AttackDist: Characterizing Zero-day Adversarial Samples by Counter Attack

Deep Neural Networks (DNNs) have been shown vulnerable to adversarial attacks, which could produce adversarial samples that easily fool the state-of-the-art DNNs. The harmfulness of adversarial attacks calls for the defense mechanisms under fire. However, the relationship between adversarial attacks and defenses is like spear and shield. Whenever a defense method is proposed, a new attack would be followed to bypass the defense immediately. Devising a definitive defense against new attacks~(zero-day attacks) is proven to be challenging.
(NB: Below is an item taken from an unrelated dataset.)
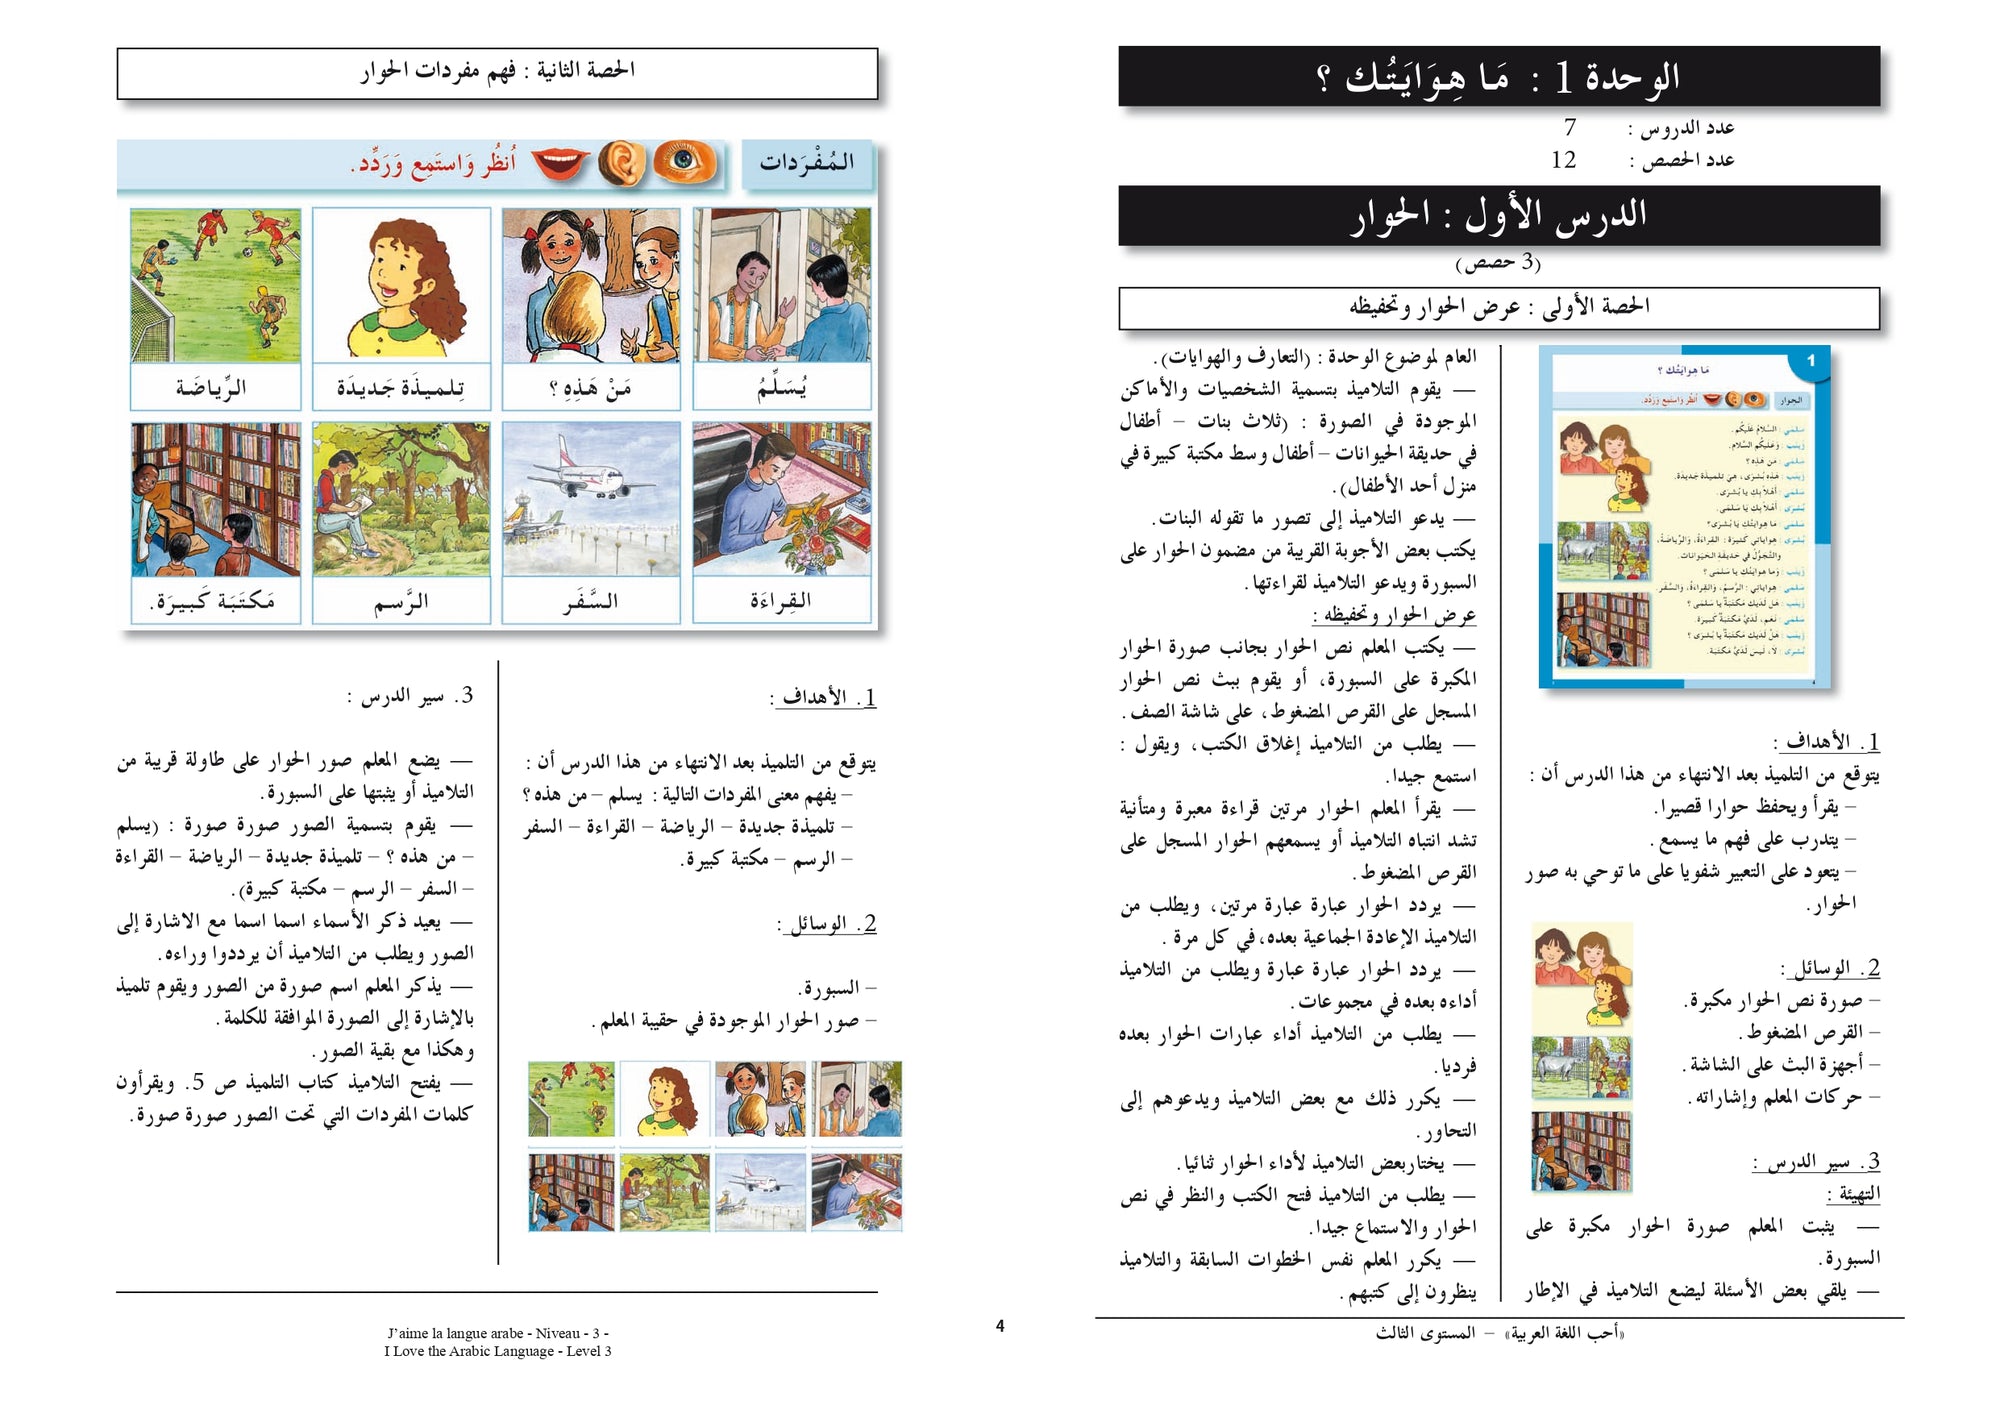 I Love the Arabic Language Teacher Book Level 3
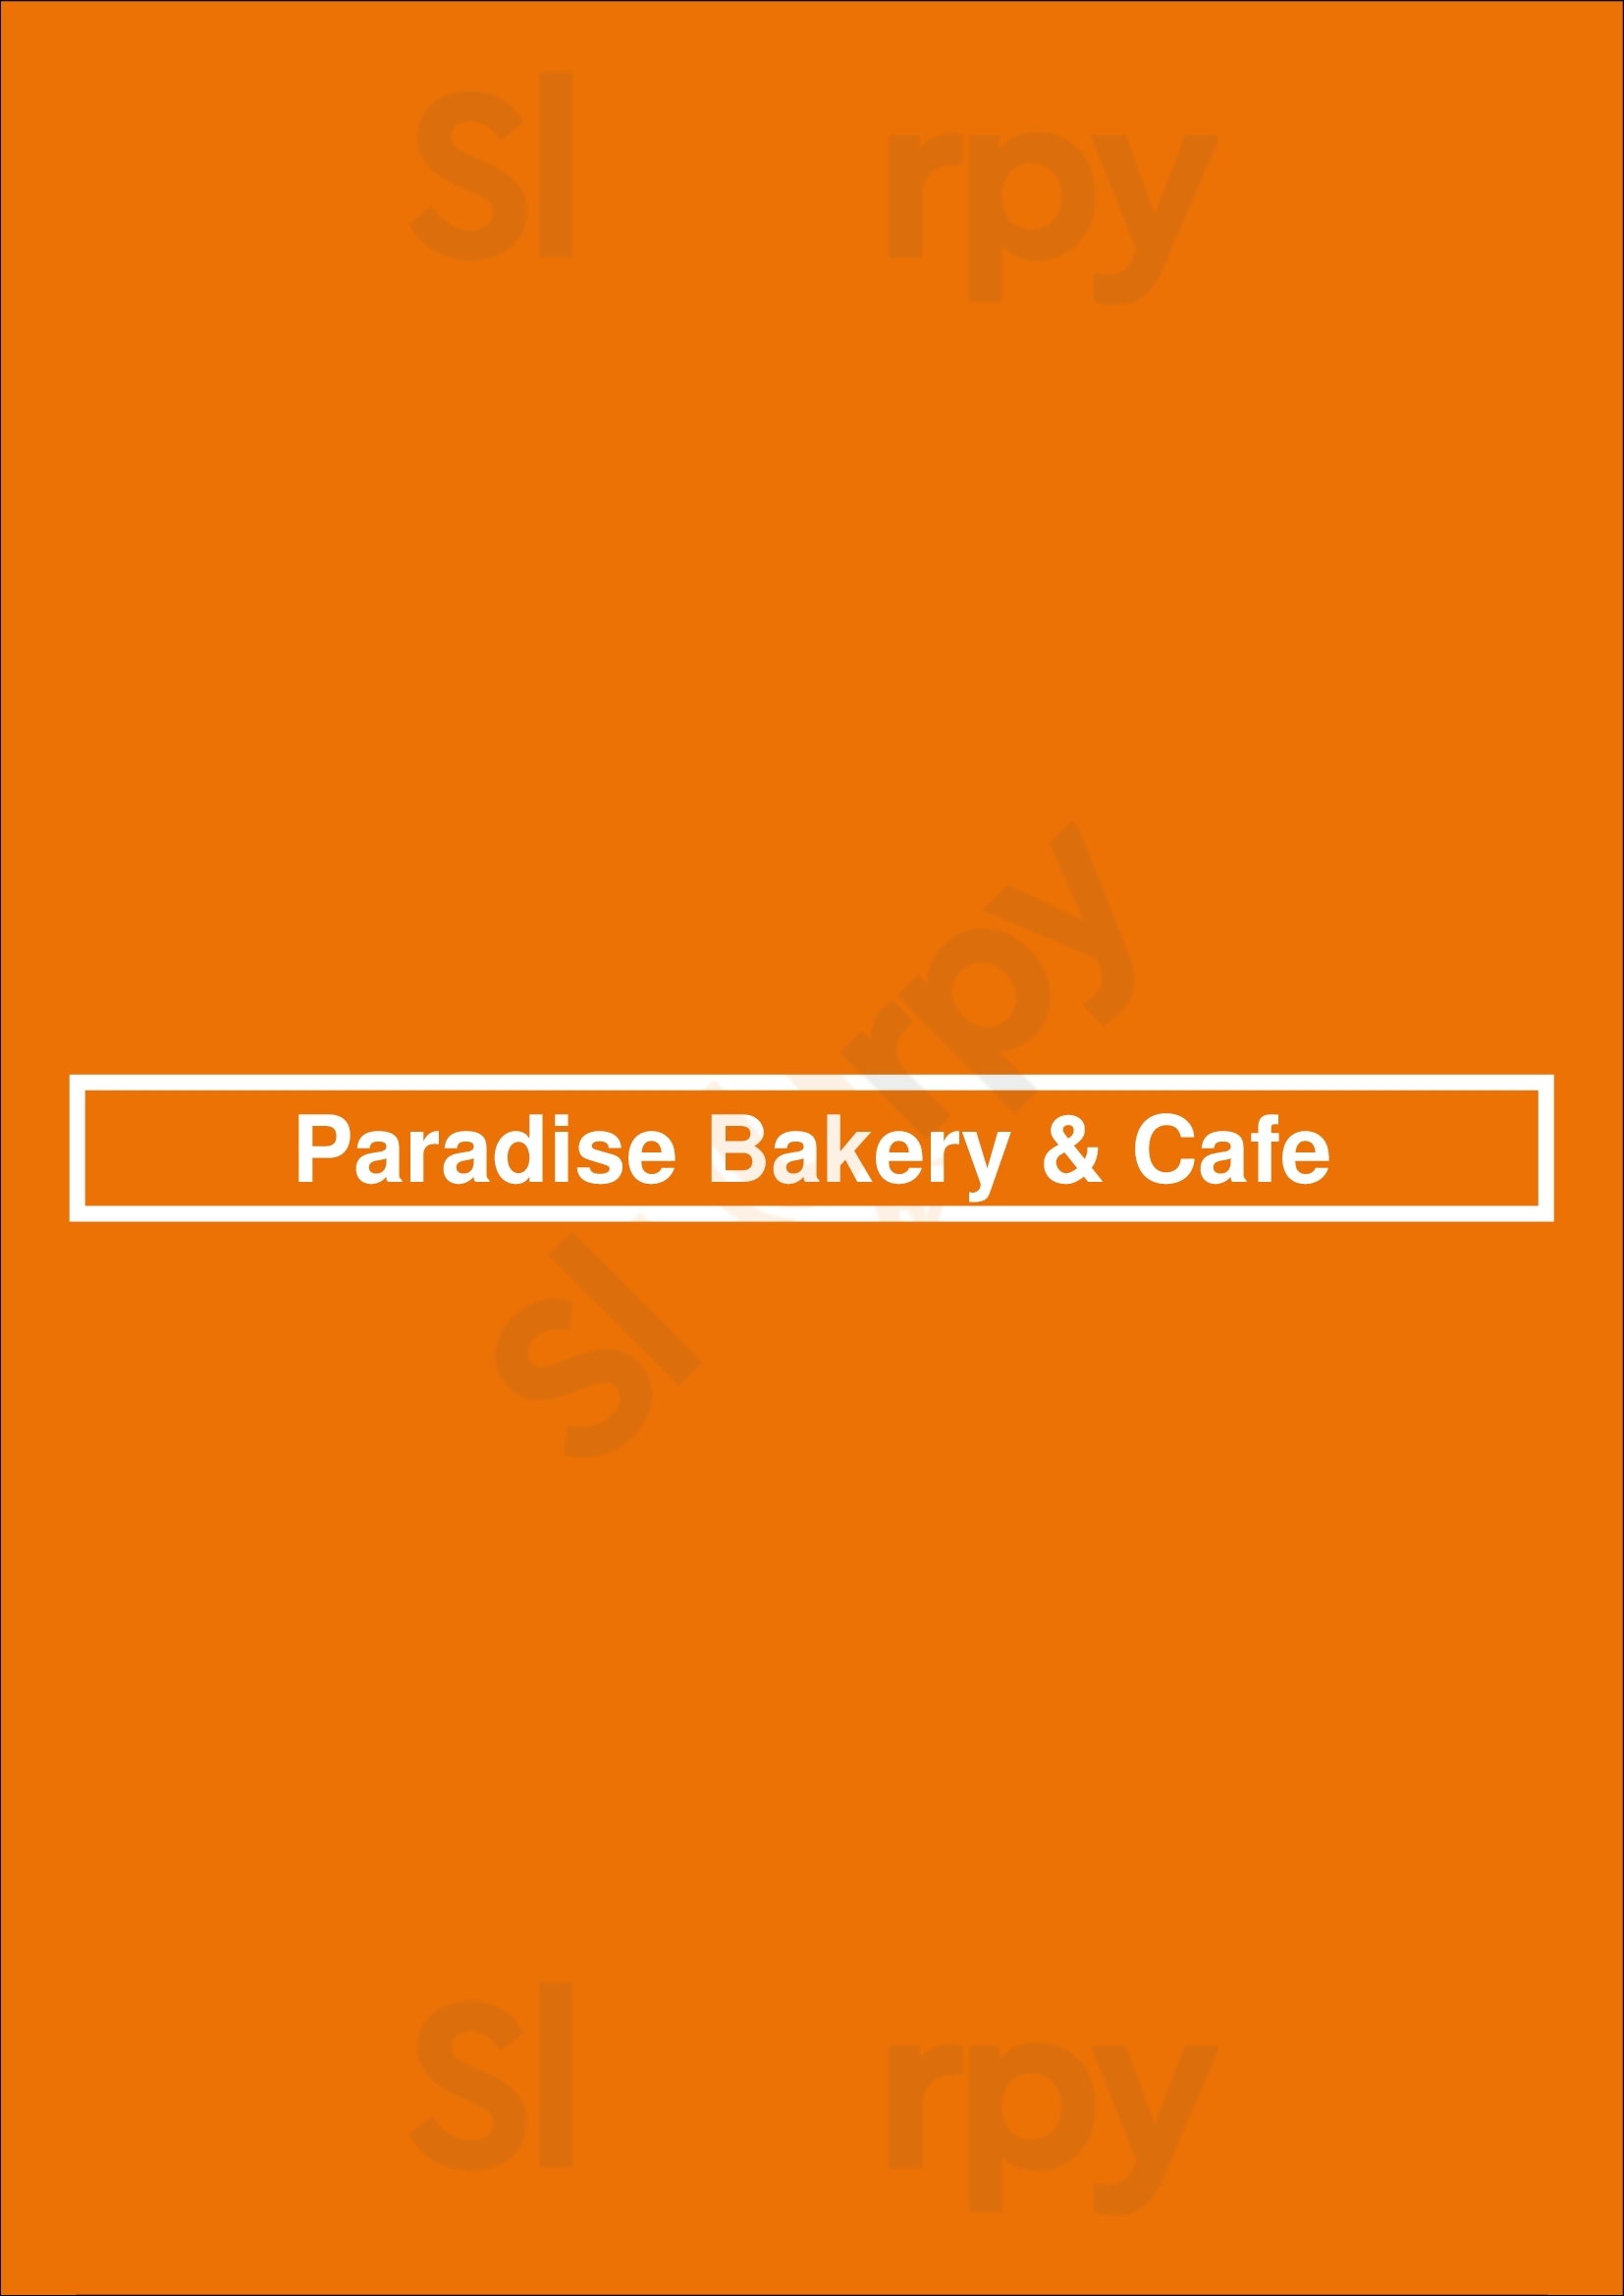 Paradise Bakery & Cafe Omaha Menu - 1

We tackle this challenge by characterizing the intrinsic properties of adversarial samples, via measuring the norm of the perturbation after a counterattack. Our method is based on the idea that, from an optimization perspective, adversarial samples would be closer to the decision boundary; thus the perturbation to counterattack adversarial samples would be significantly smaller than normal cases. Motivated by this, we propose AttackDist, an attack-agnostic property to characterize adversarial samples. We first theoretically clarify under which condition AttackDist can provide a certified detecting performance, then show that a potential application of AttackDist is distinguishing zero-day adversarial examples without knowing the mechanisms of new attacks. As a proof-of-concept, we evaluate AttackDist on two widely used benchmarks. The evaluation results show that AttackDist can outperform the state-of-the-art detection measures by large margins in detecting zero-day adversarial attacks.